§ **WORK ORDER**
Using the entries that follow, state how many lines contain "porcelain", with no other words.

§ **RECORDS FOR THE EXERCISE**
▽

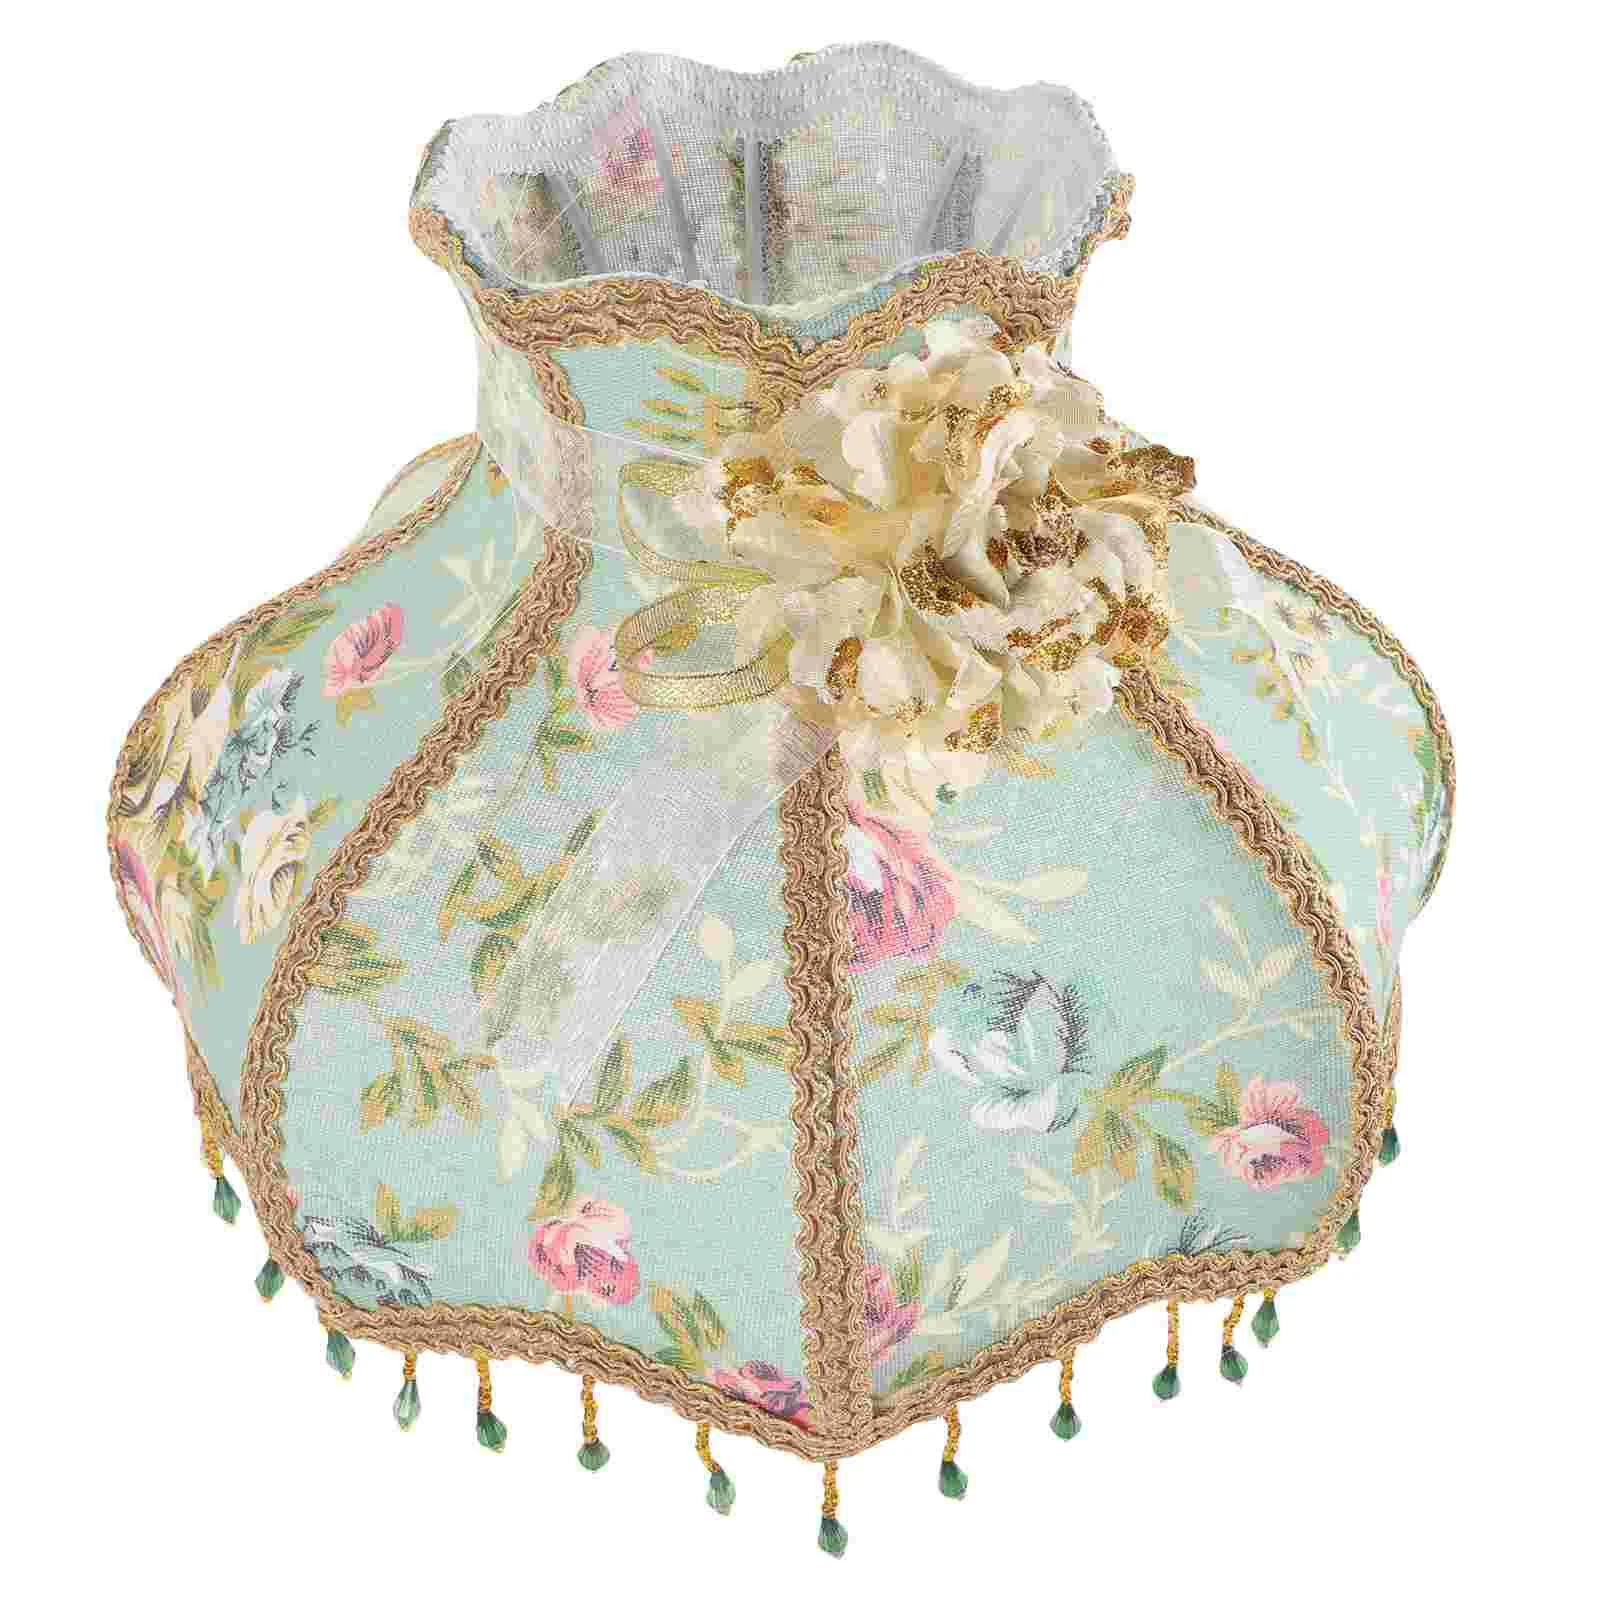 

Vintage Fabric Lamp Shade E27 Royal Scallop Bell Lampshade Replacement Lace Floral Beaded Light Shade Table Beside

△
▽

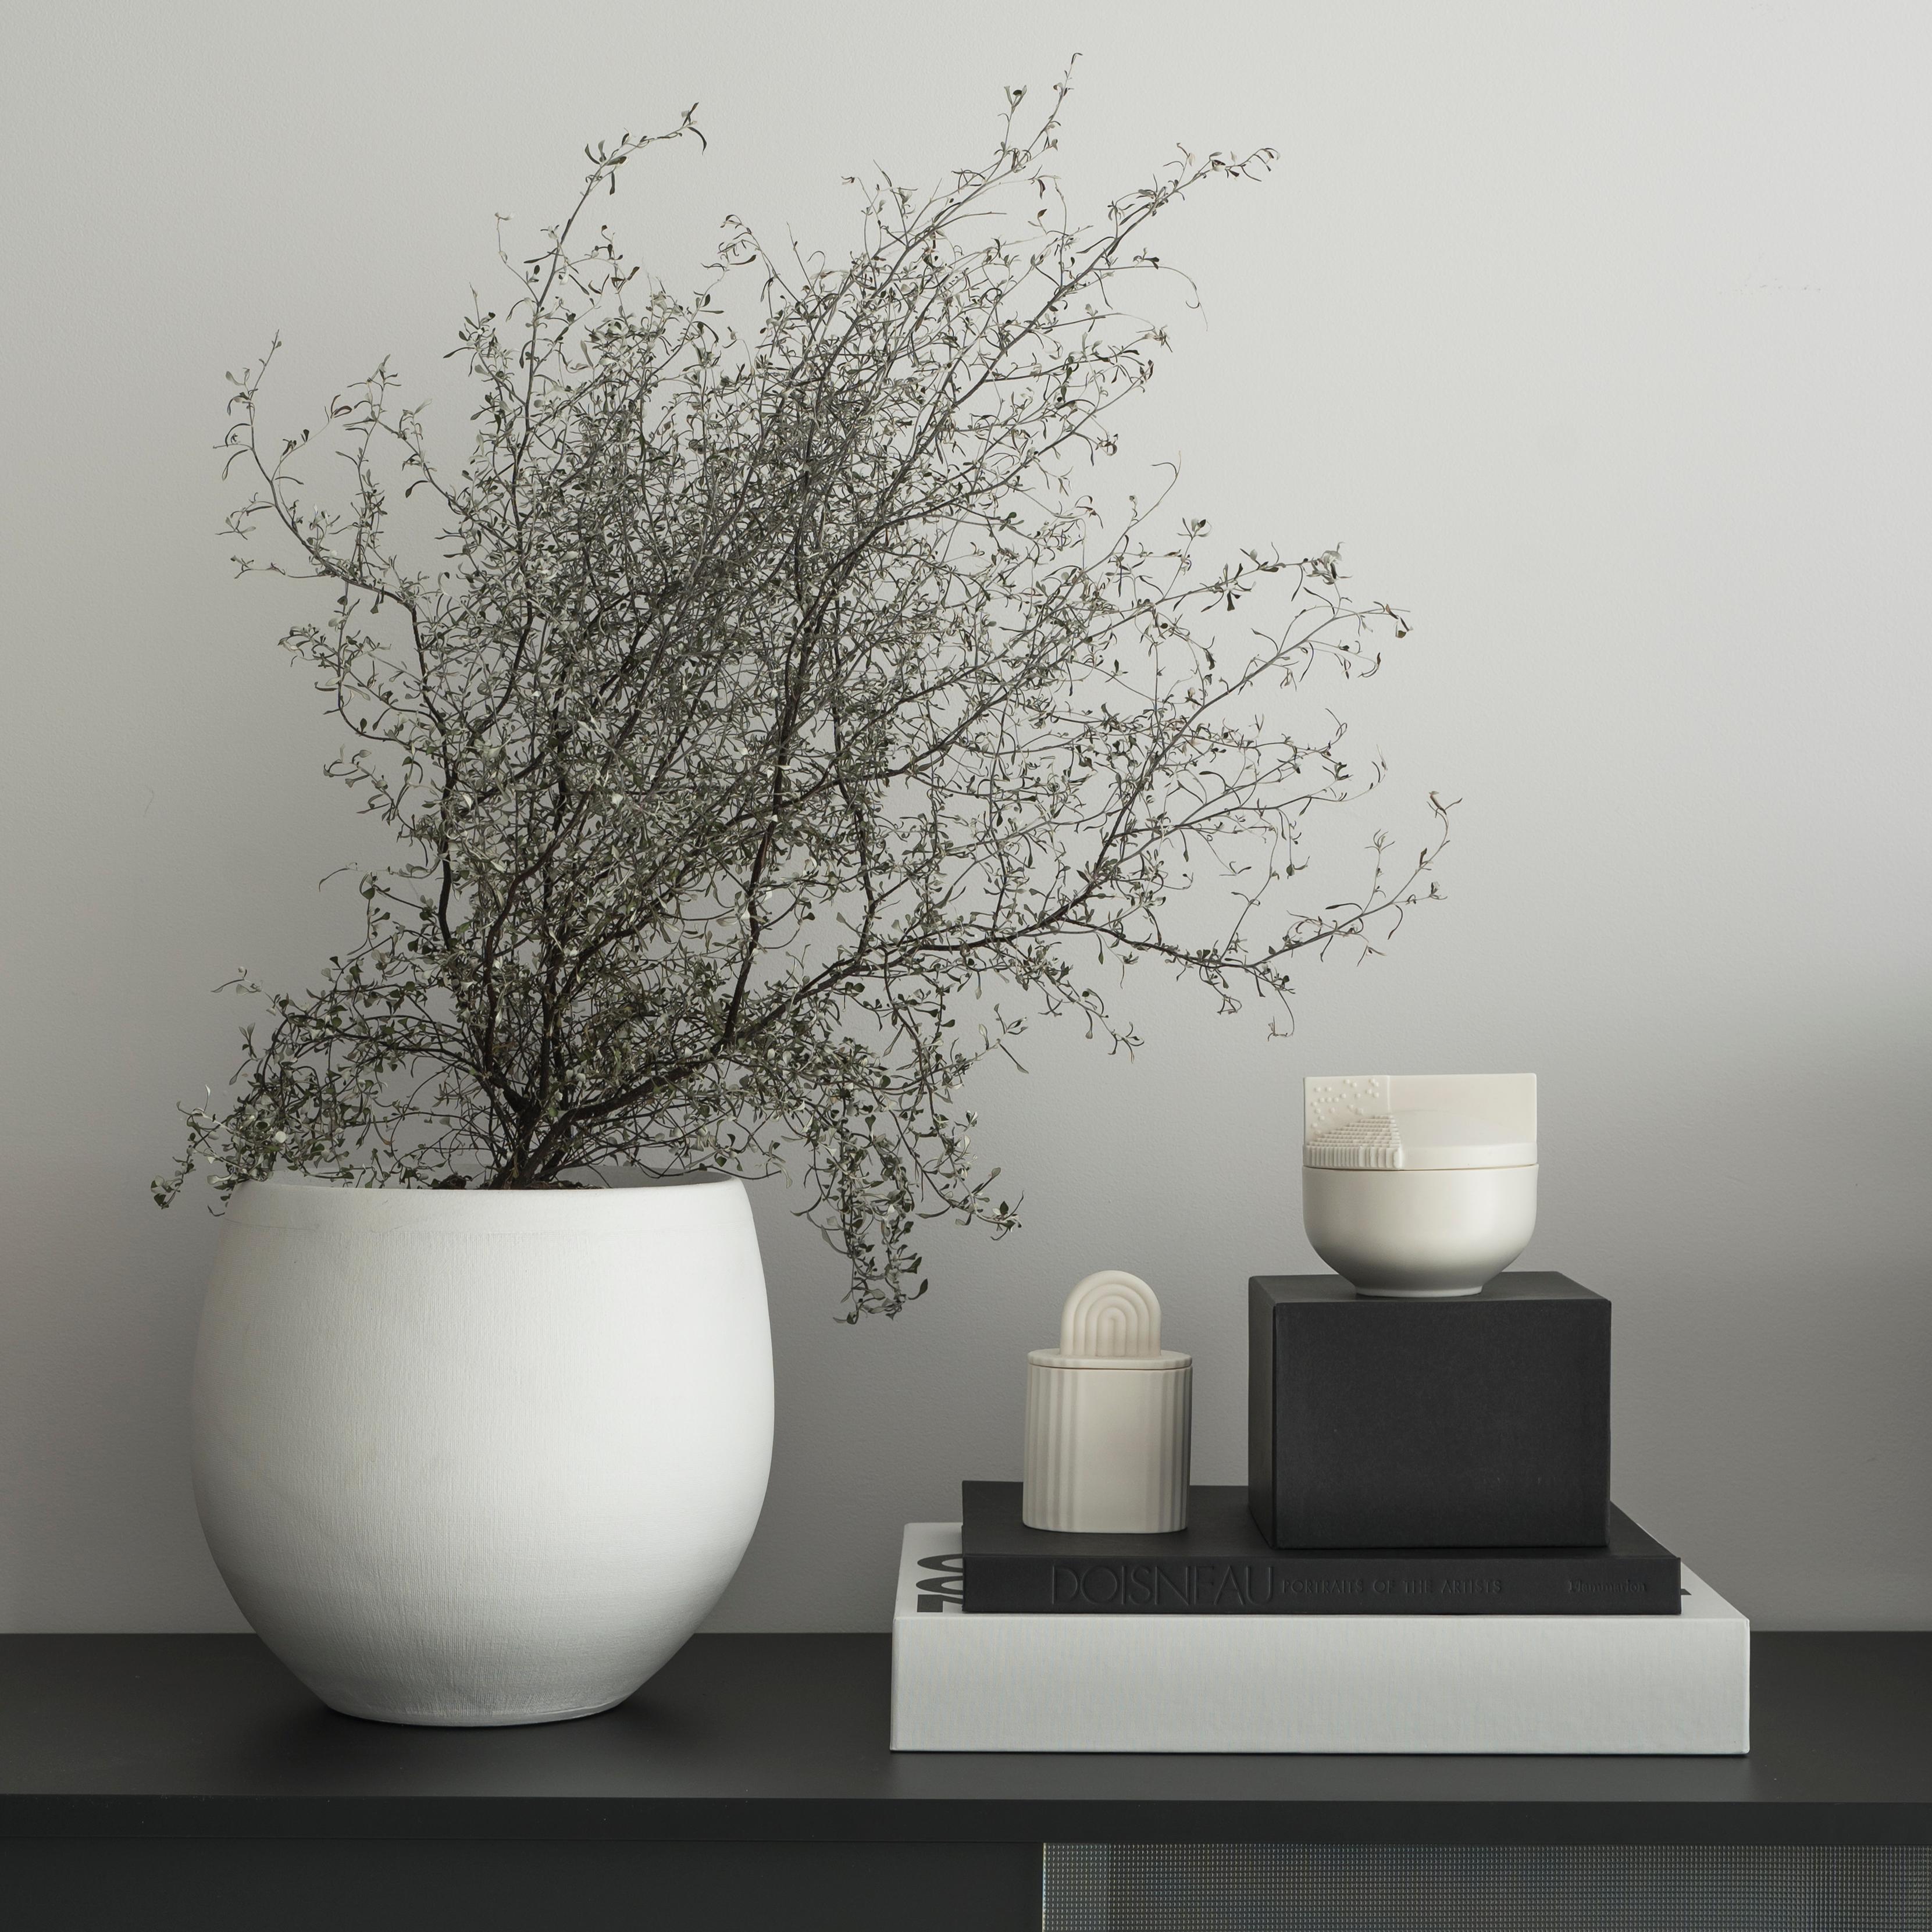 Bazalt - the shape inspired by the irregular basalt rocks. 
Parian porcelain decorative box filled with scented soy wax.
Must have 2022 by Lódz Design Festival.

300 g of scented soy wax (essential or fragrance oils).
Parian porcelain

△
▽

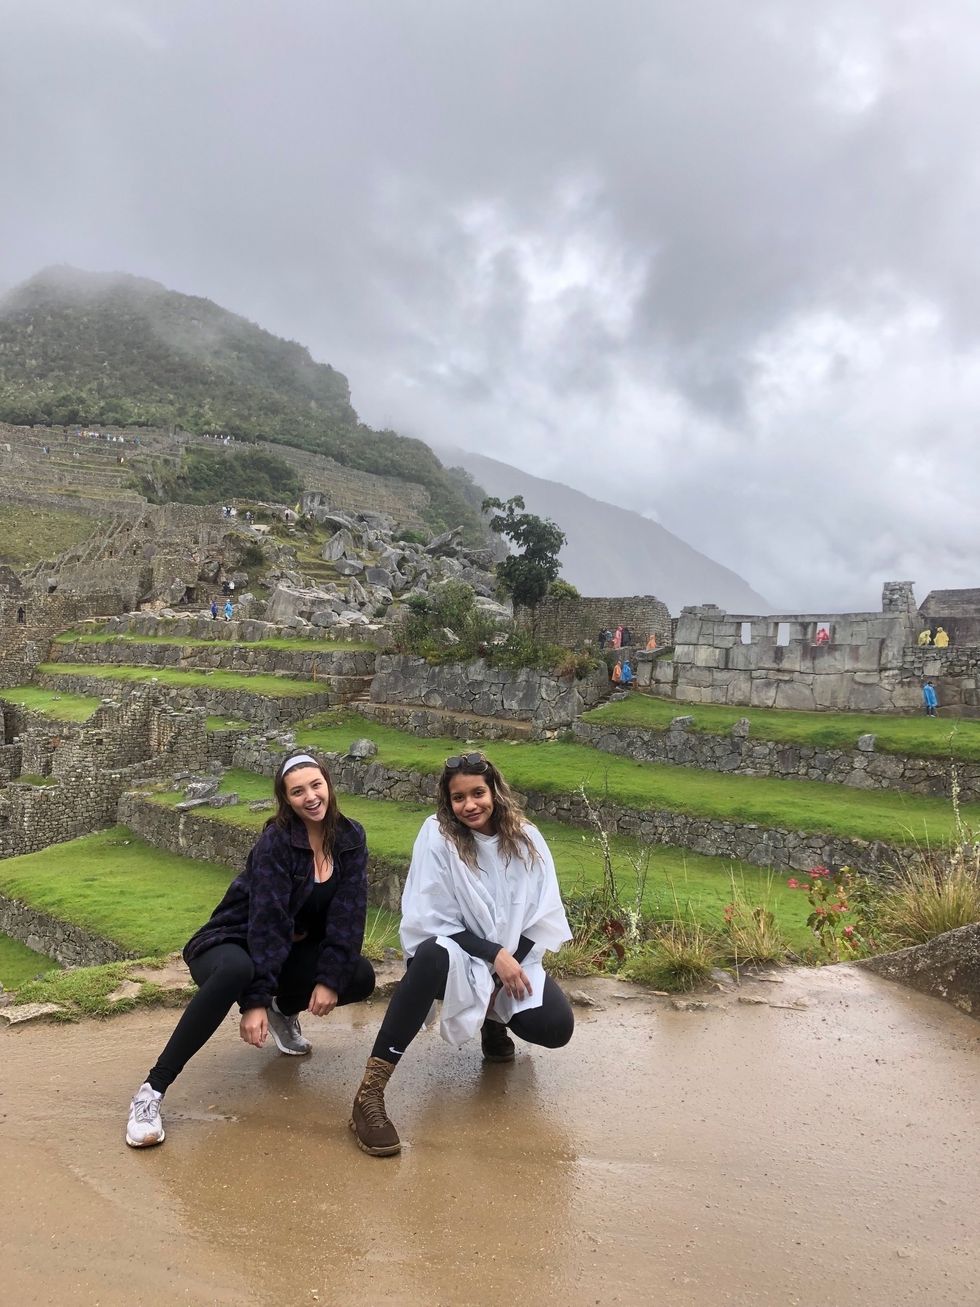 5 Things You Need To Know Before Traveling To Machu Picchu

△

§ **THE COMPLETED TASK**
2